§ WORK INSTRUCTIONS: Would you transcribe the listing that follows word for word, skipping pictures?

━━━━━ DATASET SECTION

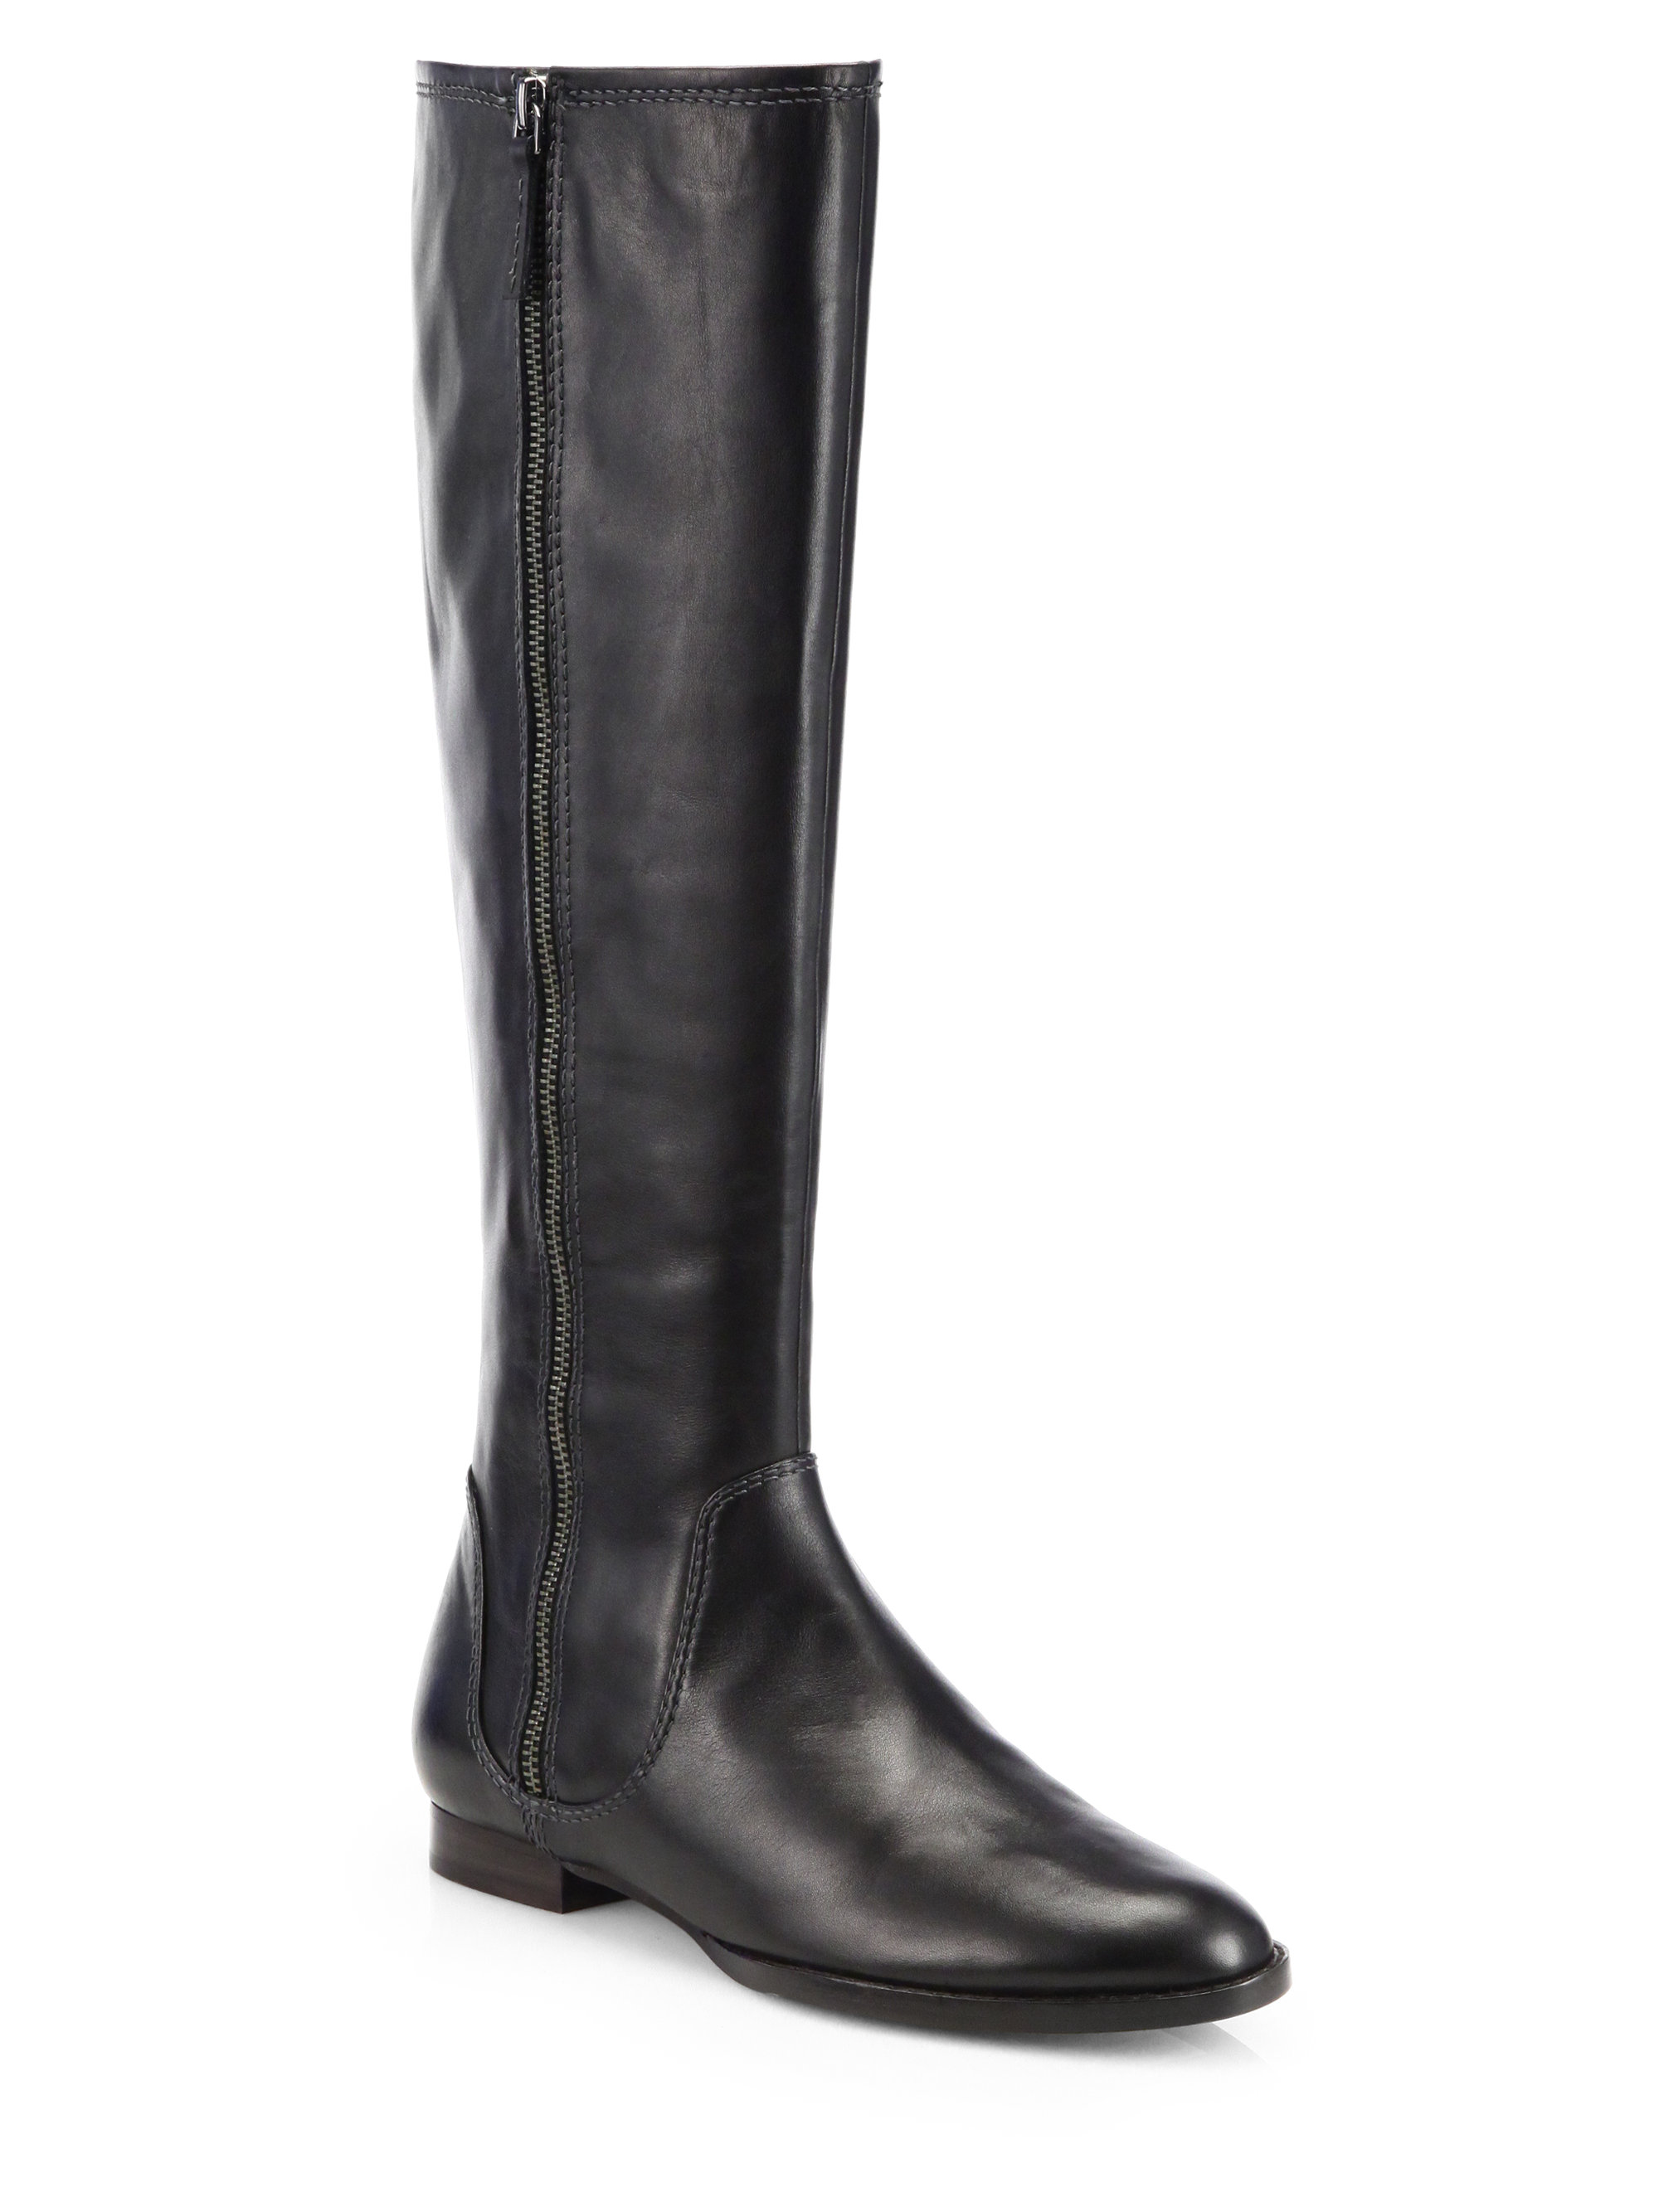 Elie Tahari Rover Leather Riding Boot
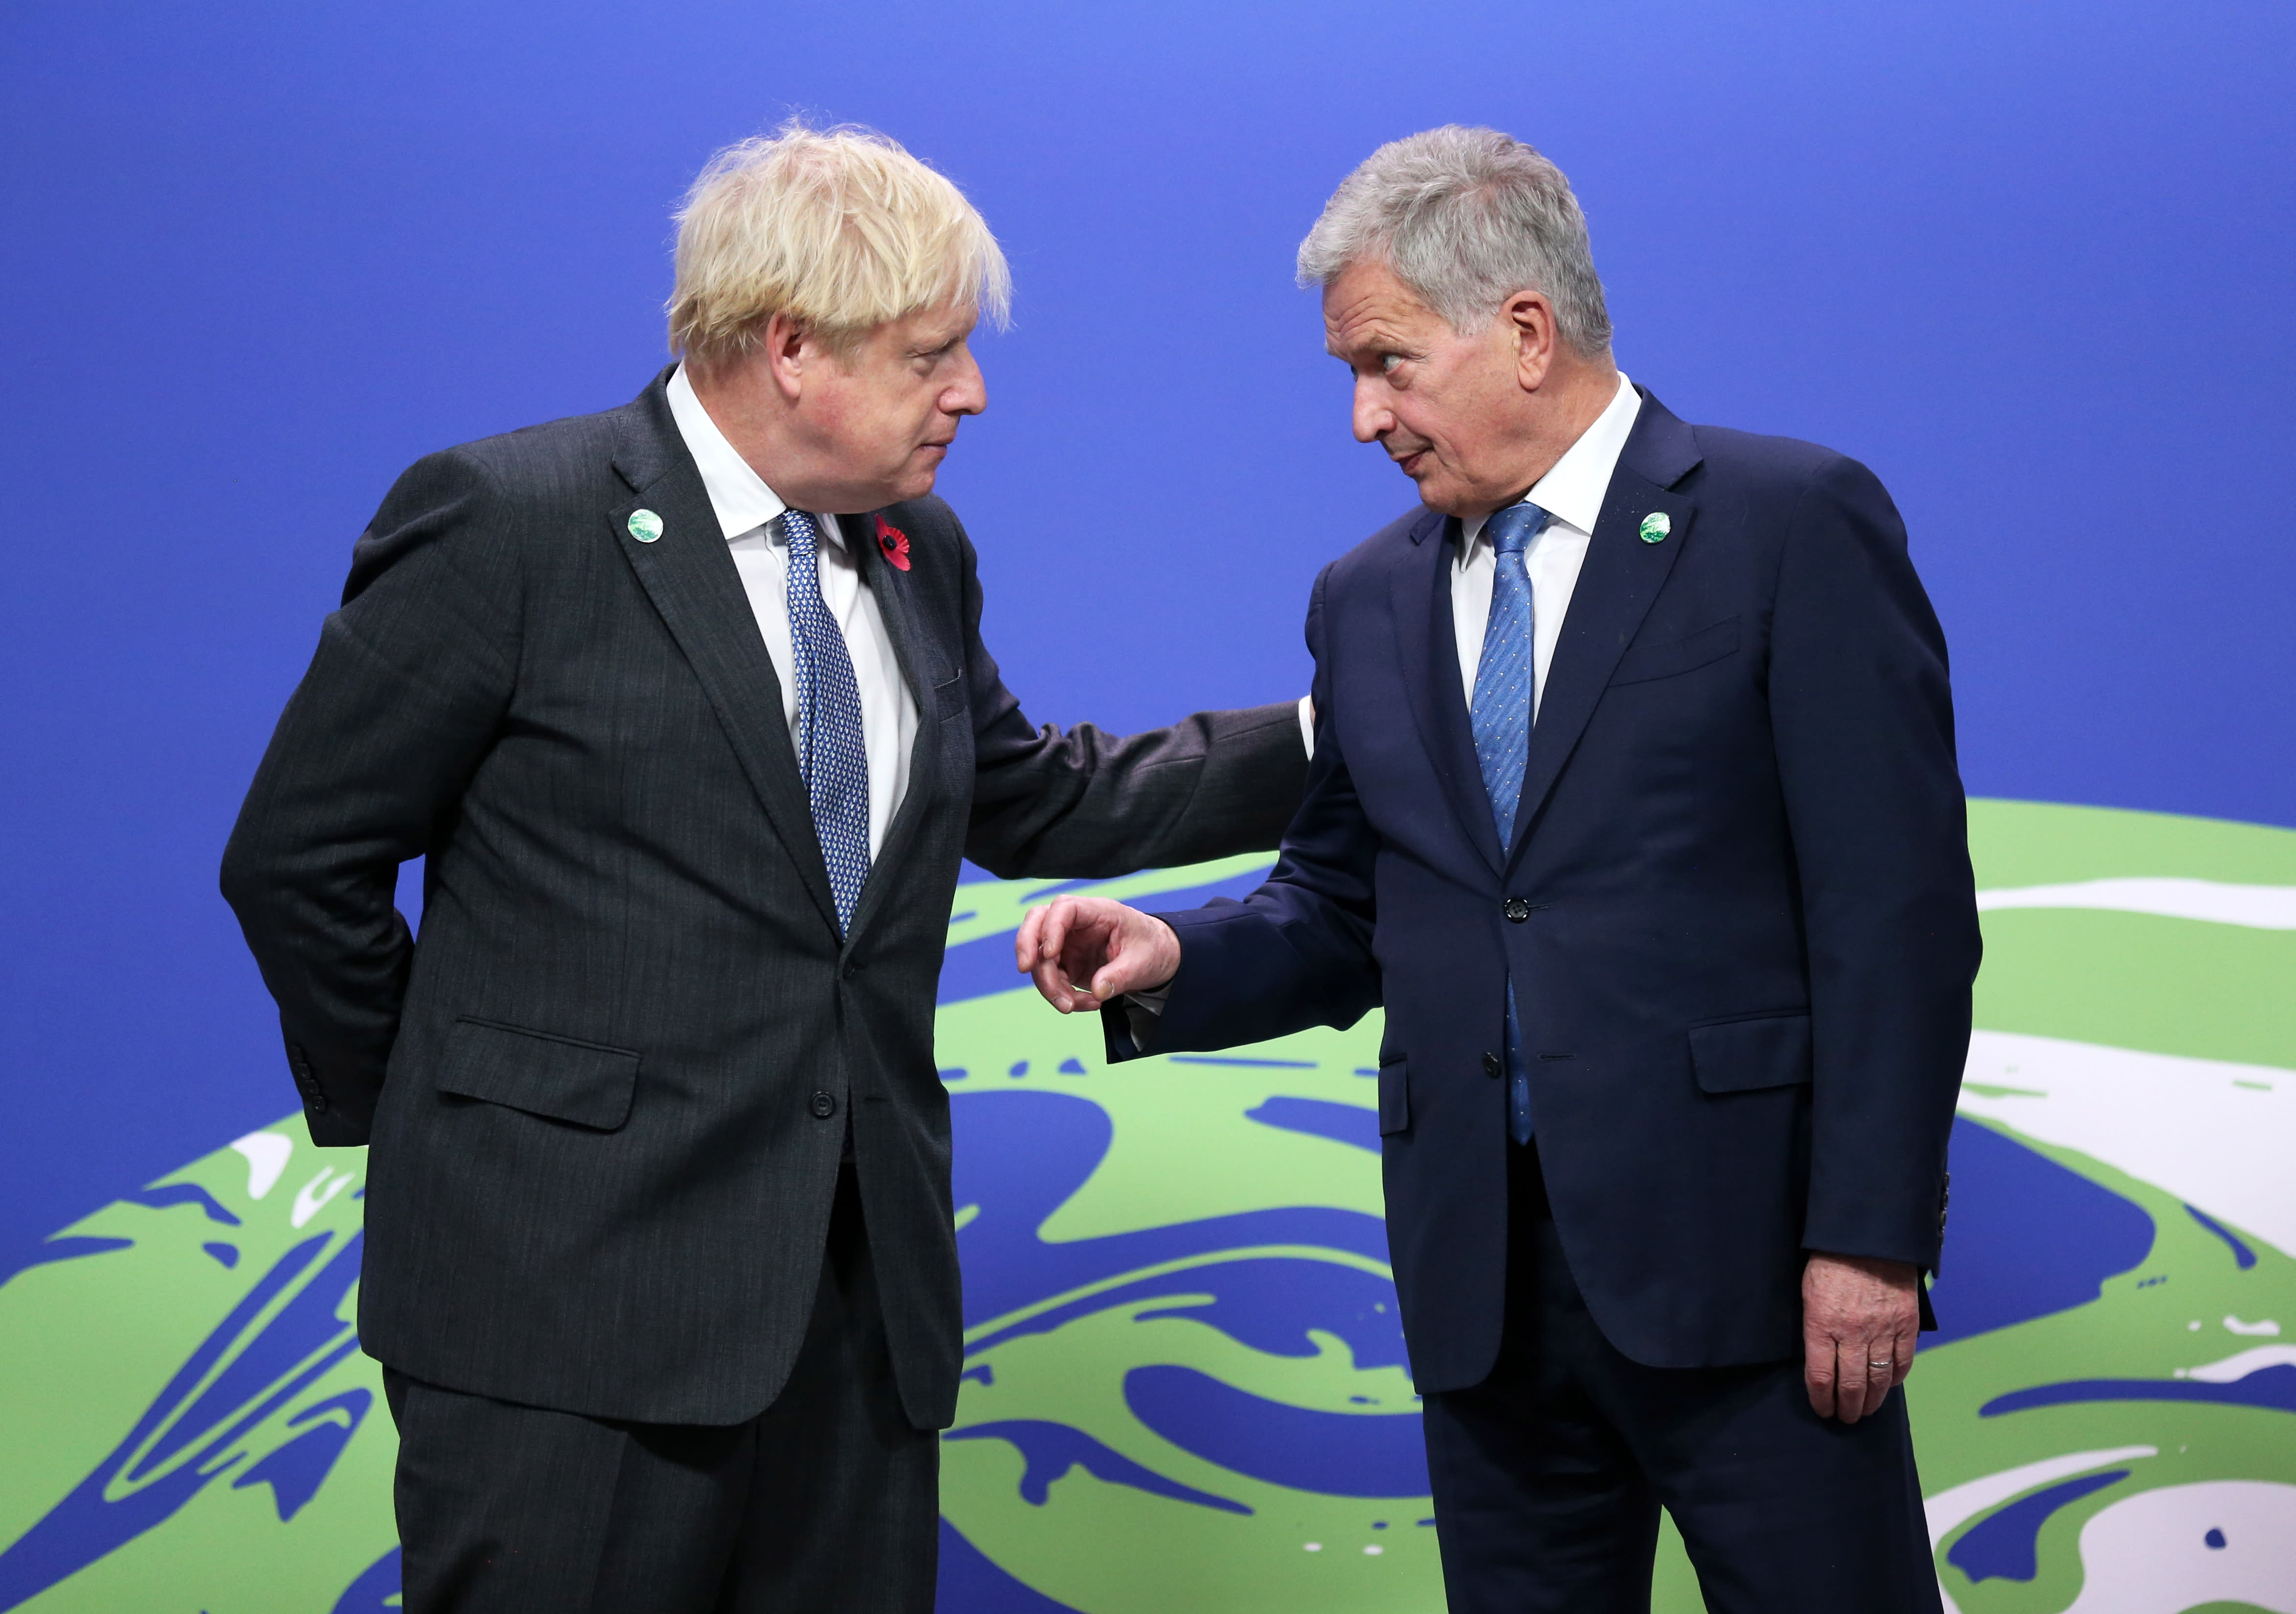 Niinistö discusses defense cooperation with other European leaders Johnson in London
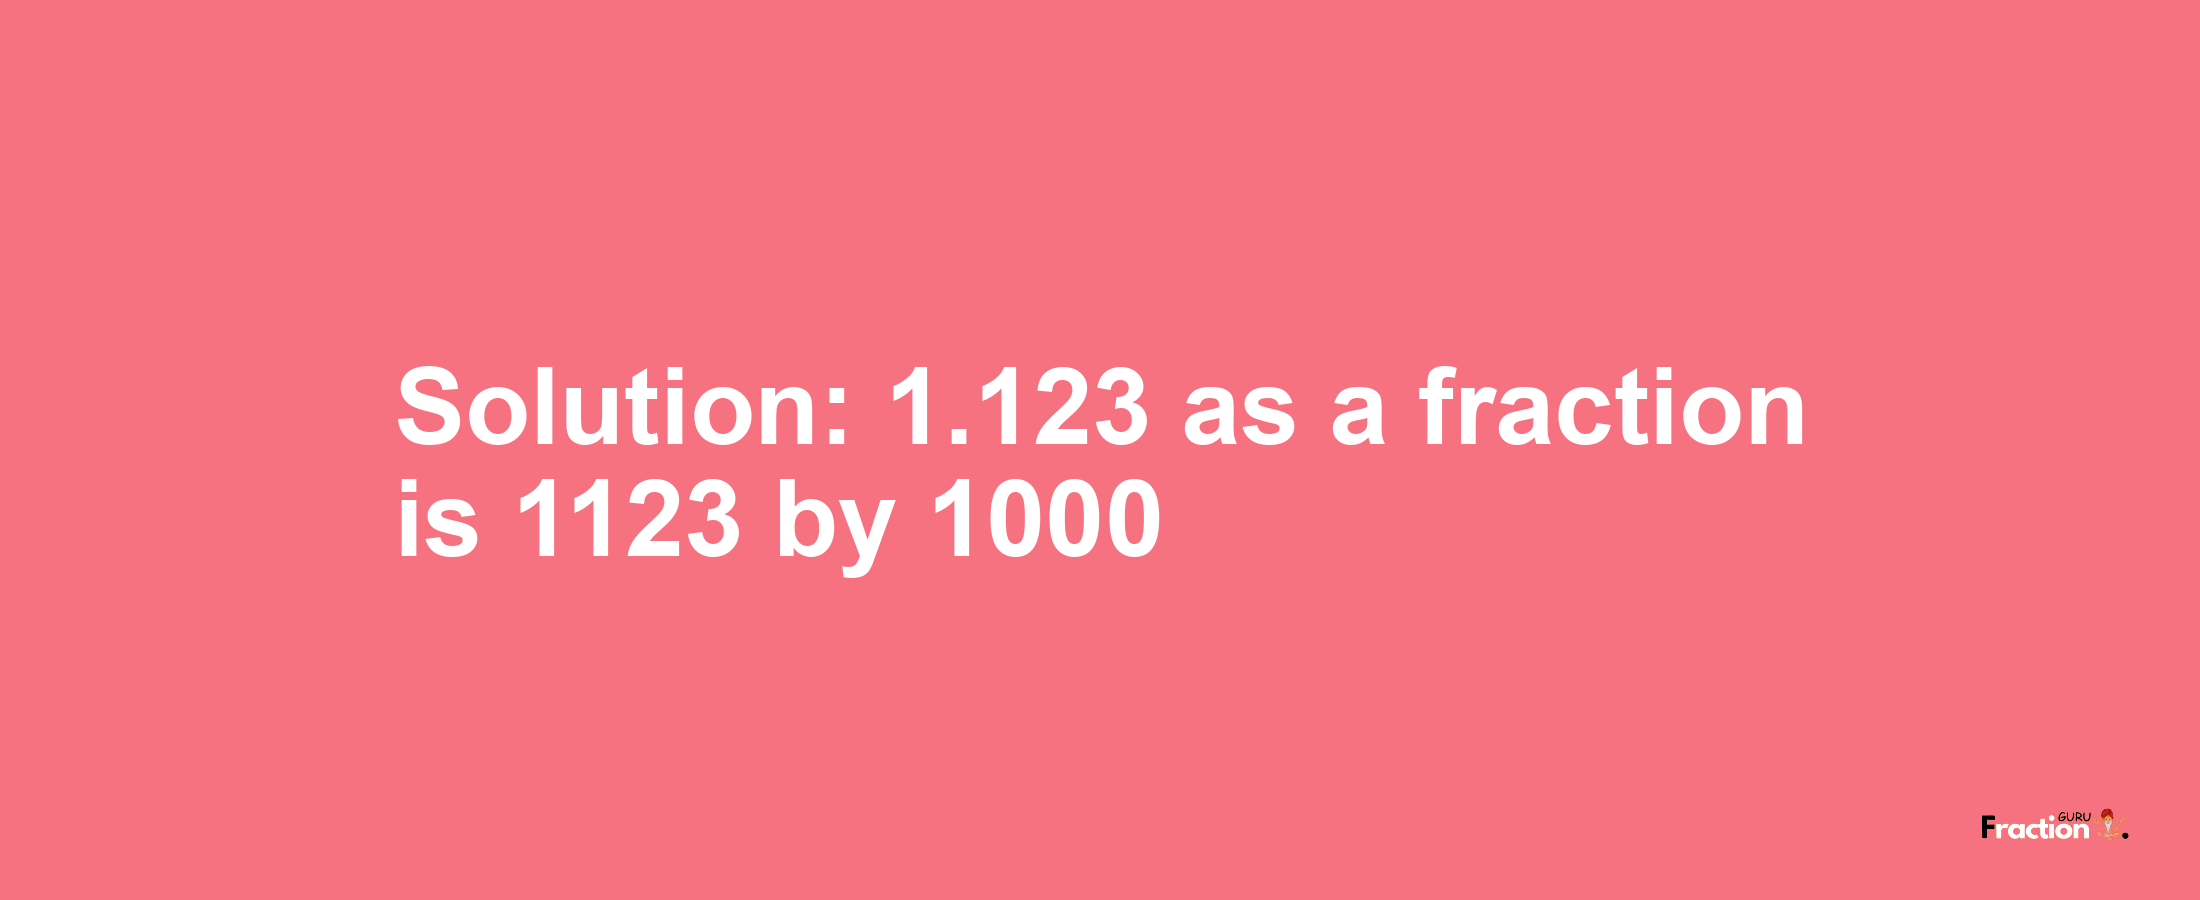 Solution:1.123 as a fraction is 1123/1000

━━━━━━━━━━

§ WRITTEN RESPONSE:
 Elie Tahari Rover Leather Riding Boot
 Niinistö discusses defense cooperation with other European leaders Johnson in London
 Solution:1.123 as a fraction is 1123/1000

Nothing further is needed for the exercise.